### Data records
----
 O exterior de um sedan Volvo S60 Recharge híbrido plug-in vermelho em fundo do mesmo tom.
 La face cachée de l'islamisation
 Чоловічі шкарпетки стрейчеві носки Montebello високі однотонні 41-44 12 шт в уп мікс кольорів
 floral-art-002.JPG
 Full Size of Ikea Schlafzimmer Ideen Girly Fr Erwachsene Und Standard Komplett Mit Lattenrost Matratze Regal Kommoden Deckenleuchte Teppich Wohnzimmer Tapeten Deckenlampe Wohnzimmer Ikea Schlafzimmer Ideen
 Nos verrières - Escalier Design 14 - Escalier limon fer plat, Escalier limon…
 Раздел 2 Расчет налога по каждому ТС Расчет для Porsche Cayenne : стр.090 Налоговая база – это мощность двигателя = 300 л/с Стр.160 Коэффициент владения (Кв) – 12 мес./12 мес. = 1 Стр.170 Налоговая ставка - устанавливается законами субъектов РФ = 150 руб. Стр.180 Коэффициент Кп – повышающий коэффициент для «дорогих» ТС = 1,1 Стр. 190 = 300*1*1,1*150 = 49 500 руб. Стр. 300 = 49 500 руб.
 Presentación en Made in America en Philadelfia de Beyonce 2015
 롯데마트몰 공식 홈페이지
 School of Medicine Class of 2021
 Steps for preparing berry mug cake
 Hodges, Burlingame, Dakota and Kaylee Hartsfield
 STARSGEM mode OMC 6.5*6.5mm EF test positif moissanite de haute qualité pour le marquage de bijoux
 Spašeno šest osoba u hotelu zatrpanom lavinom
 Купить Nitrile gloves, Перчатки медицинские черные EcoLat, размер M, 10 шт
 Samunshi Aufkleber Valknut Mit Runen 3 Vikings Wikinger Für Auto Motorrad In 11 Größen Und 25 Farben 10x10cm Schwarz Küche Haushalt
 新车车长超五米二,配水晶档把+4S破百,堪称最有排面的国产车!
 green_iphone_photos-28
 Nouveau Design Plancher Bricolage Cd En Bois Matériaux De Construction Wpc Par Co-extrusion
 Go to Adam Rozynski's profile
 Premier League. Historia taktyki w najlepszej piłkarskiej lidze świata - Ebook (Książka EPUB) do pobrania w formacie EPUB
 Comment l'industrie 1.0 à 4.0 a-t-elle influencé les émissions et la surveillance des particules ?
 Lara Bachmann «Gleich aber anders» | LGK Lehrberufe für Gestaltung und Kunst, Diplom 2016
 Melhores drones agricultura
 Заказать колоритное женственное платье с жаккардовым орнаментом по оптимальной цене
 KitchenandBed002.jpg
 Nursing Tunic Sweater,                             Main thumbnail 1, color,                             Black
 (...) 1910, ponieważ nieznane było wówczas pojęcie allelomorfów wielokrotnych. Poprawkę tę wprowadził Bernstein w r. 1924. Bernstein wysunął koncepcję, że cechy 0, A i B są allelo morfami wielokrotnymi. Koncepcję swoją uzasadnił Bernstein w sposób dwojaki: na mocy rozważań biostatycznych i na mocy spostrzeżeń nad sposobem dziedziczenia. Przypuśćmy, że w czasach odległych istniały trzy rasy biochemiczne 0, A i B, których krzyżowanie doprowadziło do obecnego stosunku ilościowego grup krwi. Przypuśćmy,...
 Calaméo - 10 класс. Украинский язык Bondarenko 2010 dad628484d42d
----
The answer consists of the whole listing, restated exactly.

 O exterior de um sedan Volvo S60 Recharge híbrido plug-in vermelho em fundo do mesmo tom.
 La face cachée de l'islamisation
 Чоловічі шкарпетки стрейчеві носки Montebello високі однотонні 41-44 12 шт в уп мікс кольорів
 floral-art-002.JPG
 Full Size of Ikea Schlafzimmer Ideen Girly Fr Erwachsene Und Standard Komplett Mit Lattenrost Matratze Regal Kommoden Deckenleuchte Teppich Wohnzimmer Tapeten Deckenlampe Wohnzimmer Ikea Schlafzimmer Ideen
 Nos verrières - Escalier Design 14 - Escalier limon fer plat, Escalier limon…
 Раздел 2 Расчет налога по каждому ТС Расчет для Porsche Cayenne : стр.090 Налоговая база – это мощность двигателя = 300 л/с Стр.160 Коэффициент владения (Кв) – 12 мес./12 мес. = 1 Стр.170 Налоговая ставка - устанавливается законами субъектов РФ = 150 руб. Стр.180 Коэффициент Кп – повышающий коэффициент для «дорогих» ТС = 1,1 Стр. 190 = 300*1*1,1*150 = 49 500 руб. Стр. 300 = 49 500 руб.
 Presentación en Made in America en Philadelfia de Beyonce 2015
 롯데마트몰 공식 홈페이지
 School of Medicine Class of 2021
 Steps for preparing berry mug cake
 Hodges, Burlingame, Dakota and Kaylee Hartsfield
 STARSGEM mode OMC 6.5*6.5mm EF test positif moissanite de haute qualité pour le marquage de bijoux
 Spašeno šest osoba u hotelu zatrpanom lavinom
 Купить Nitrile gloves, Перчатки медицинские черные EcoLat, размер M, 10 шт
 Samunshi Aufkleber Valknut Mit Runen 3 Vikings Wikinger Für Auto Motorrad In 11 Größen Und 25 Farben 10x10cm Schwarz Küche Haushalt
 新车车长超五米二,配水晶档把+4S破百,堪称最有排面的国产车!
 green_iphone_photos-28
 Nouveau Design Plancher Bricolage Cd En Bois Matériaux De Construction Wpc Par Co-extrusion
 Go to Adam Rozynski's profile
 Premier League. Historia taktyki w najlepszej piłkarskiej lidze świata - Ebook (Książka EPUB) do pobrania w formacie EPUB
 Comment l'industrie 1.0 à 4.0 a-t-elle influencé les émissions et la surveillance des particules ?
 Lara Bachmann «Gleich aber anders» | LGK Lehrberufe für Gestaltung und Kunst, Diplom 2016
 Melhores drones agricultura
 Заказать колоритное женственное платье с жаккардовым орнаментом по оптимальной цене
 KitchenandBed002.jpg
 Nursing Tunic Sweater,                             Main thumbnail 1, color,                             Black
 (...) 1910, ponieważ nieznane było wówczas pojęcie allelomorfów wielokrotnych. Poprawkę tę wprowadził Bernstein w r. 1924. Bernstein wysunął koncepcję, że cechy 0, A i B są allelo morfami wielokrotnymi. Koncepcję swoją uzasadnił Bernstein w sposób dwojaki: na mocy rozważań biostatycznych i na mocy spostrzeżeń nad sposobem dziedziczenia. Przypuśćmy, że w czasach odległych istniały trzy rasy biochemiczne 0, A i B, których krzyżowanie doprowadziło do obecnego stosunku ilościowego grup krwi. Przypuśćmy,...
 Calaméo - 10 класс. Украинский язык Bondarenko 2010 dad628484d42d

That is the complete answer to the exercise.